- **Your instructions**: Print all the data below exactly, without images.

- **Exercise data**:
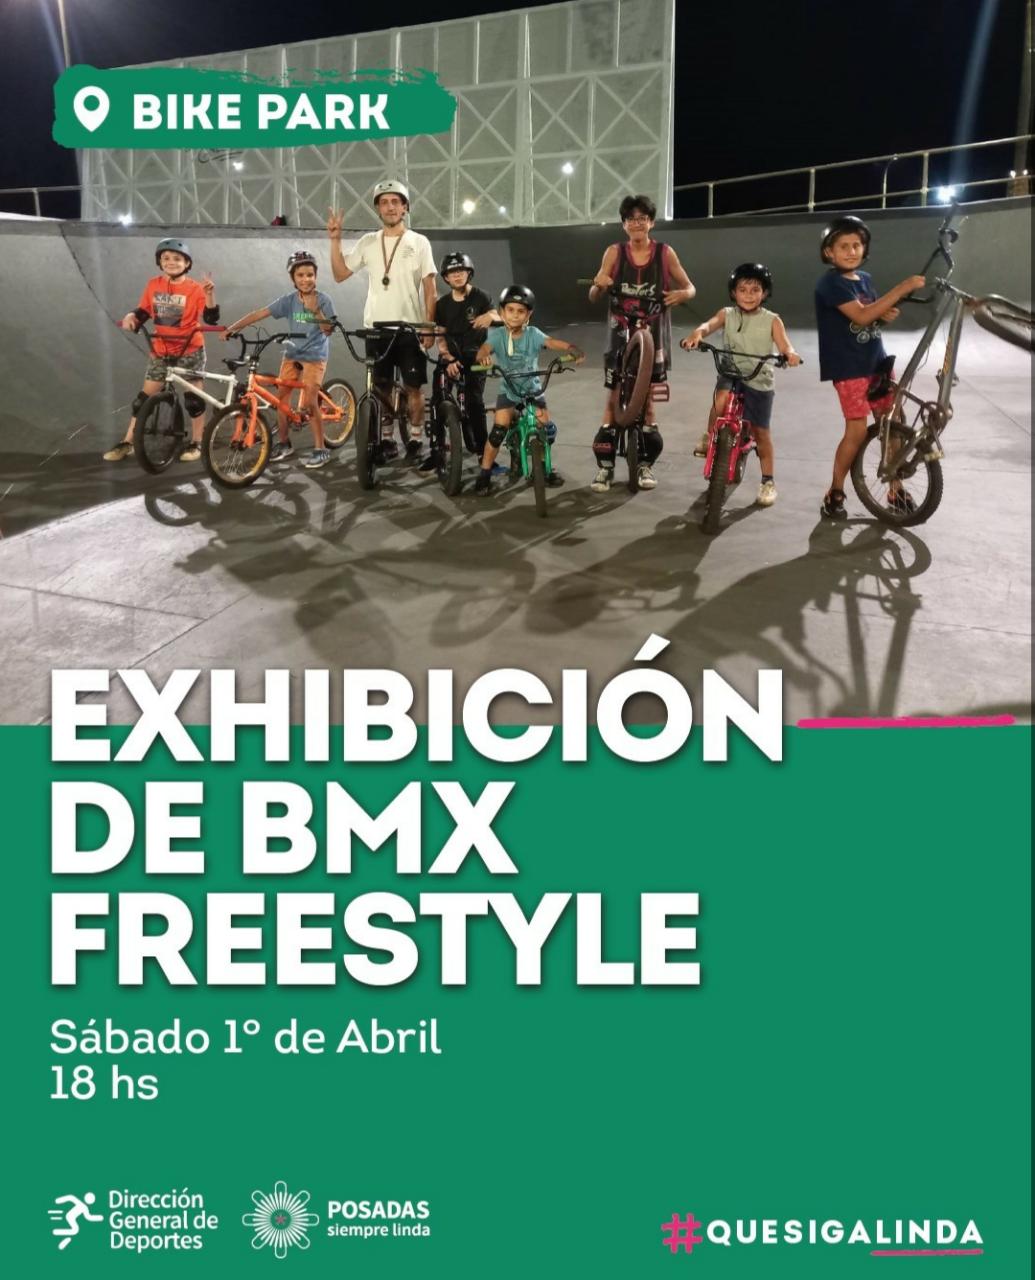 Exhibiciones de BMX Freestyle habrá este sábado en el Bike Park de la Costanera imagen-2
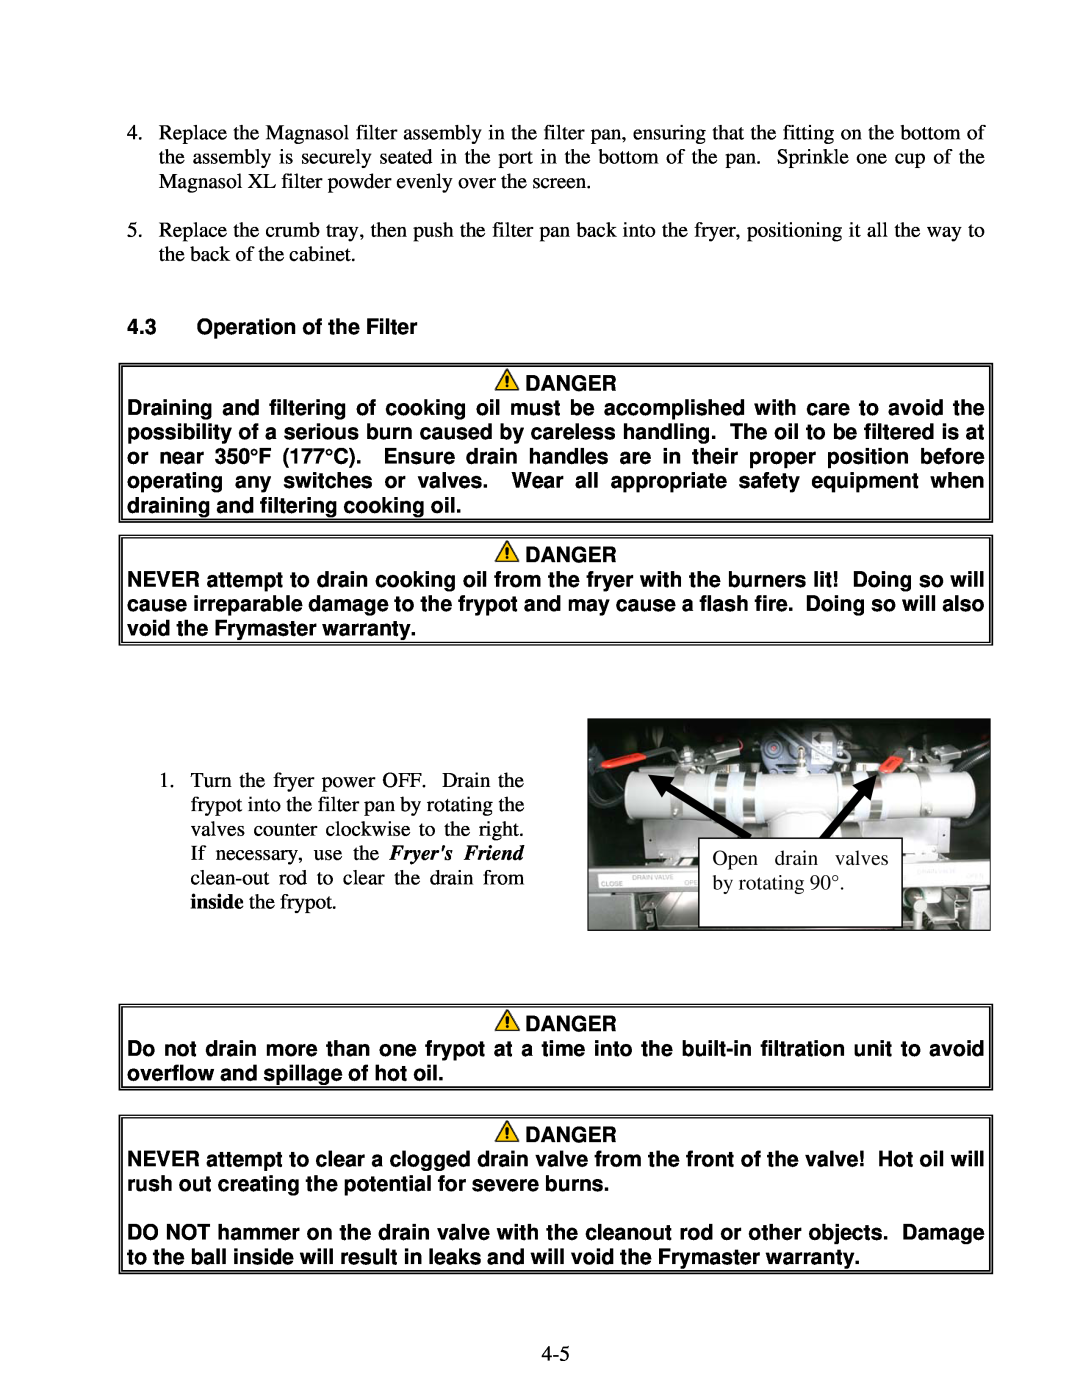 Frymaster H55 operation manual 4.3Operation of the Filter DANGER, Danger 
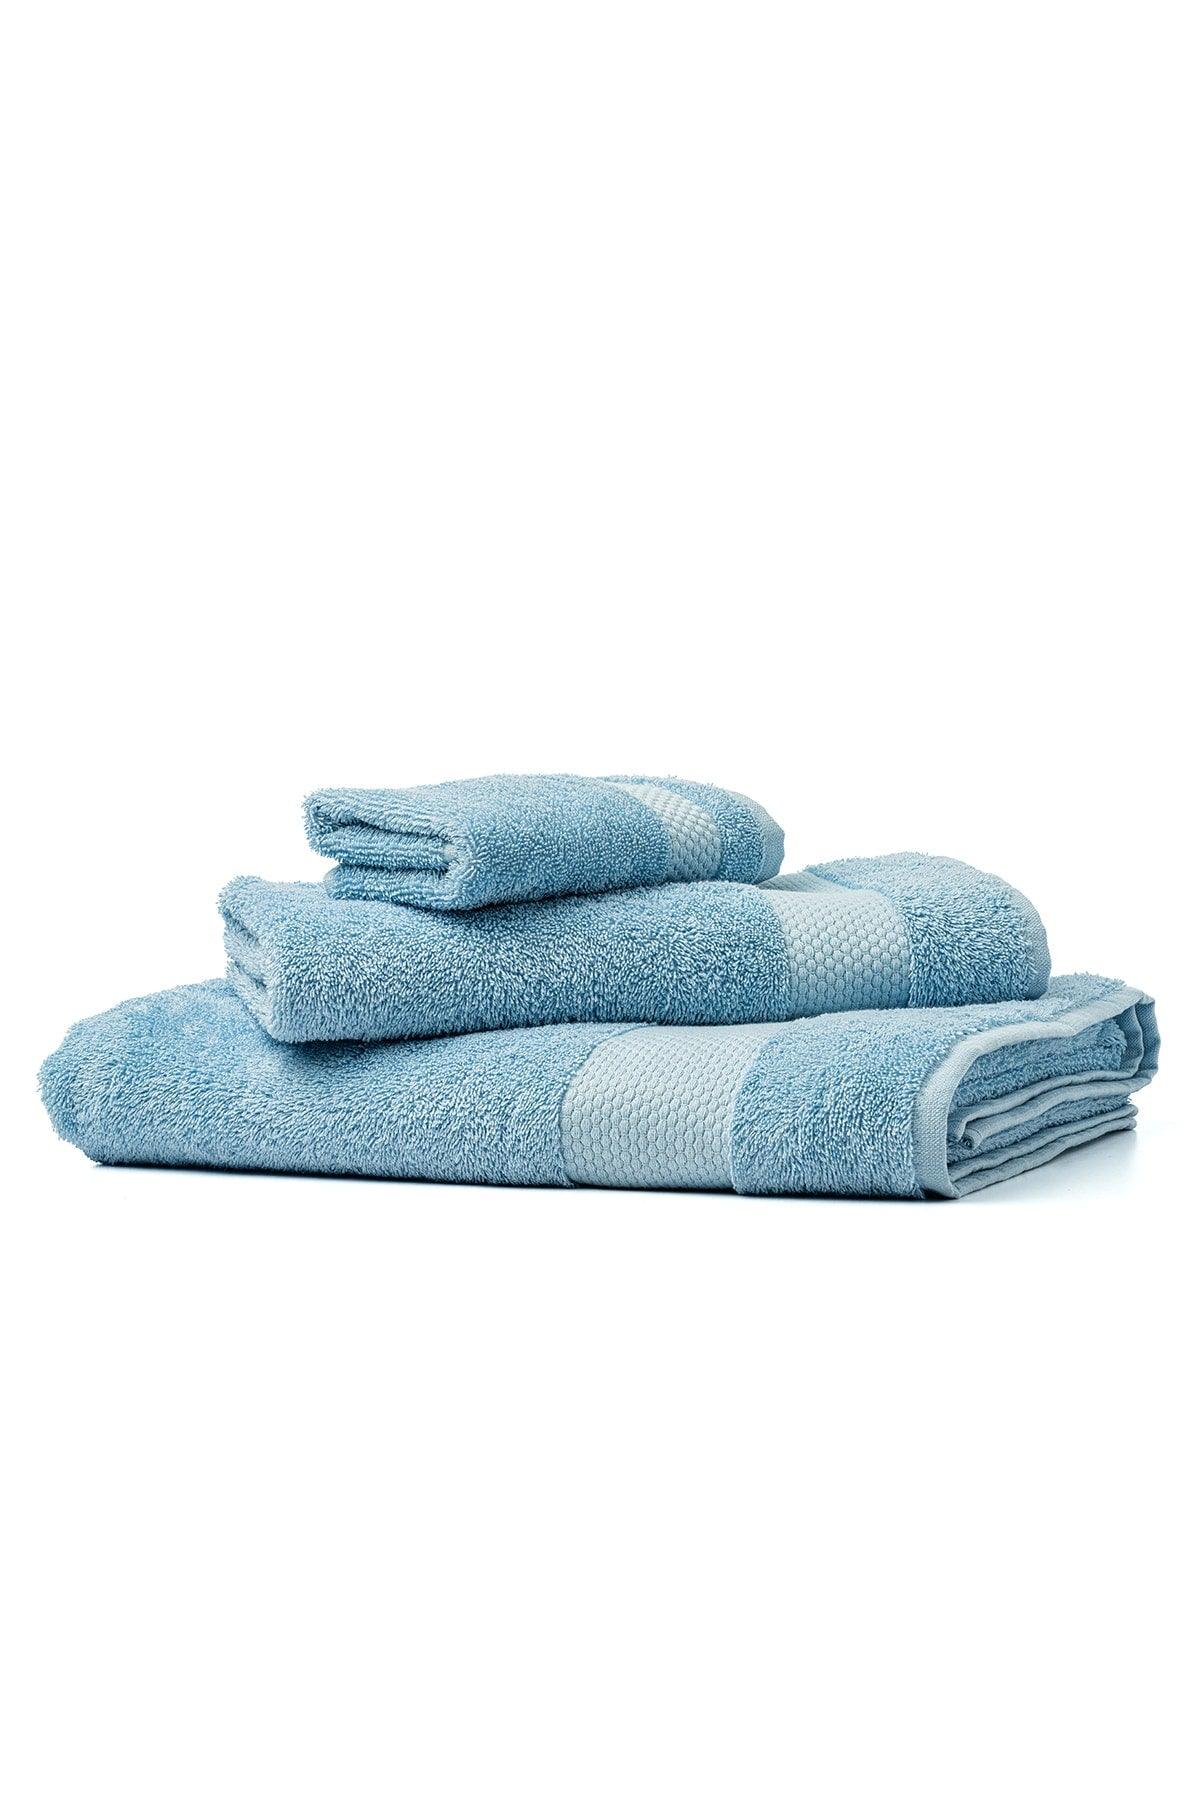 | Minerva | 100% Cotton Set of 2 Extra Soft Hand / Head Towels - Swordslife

- **Output of the exercise**:
 Exhibiciones de BMX Freestyle habrá este sábado en el Bike Park de la Costanera imagen-2
 Frymaster H55 operation manual 4.3Operation of the Filter DANGER, Danger 
 | Minerva | 100% Cotton Set of 2 Extra Soft Hand / Head Towels - Swordslife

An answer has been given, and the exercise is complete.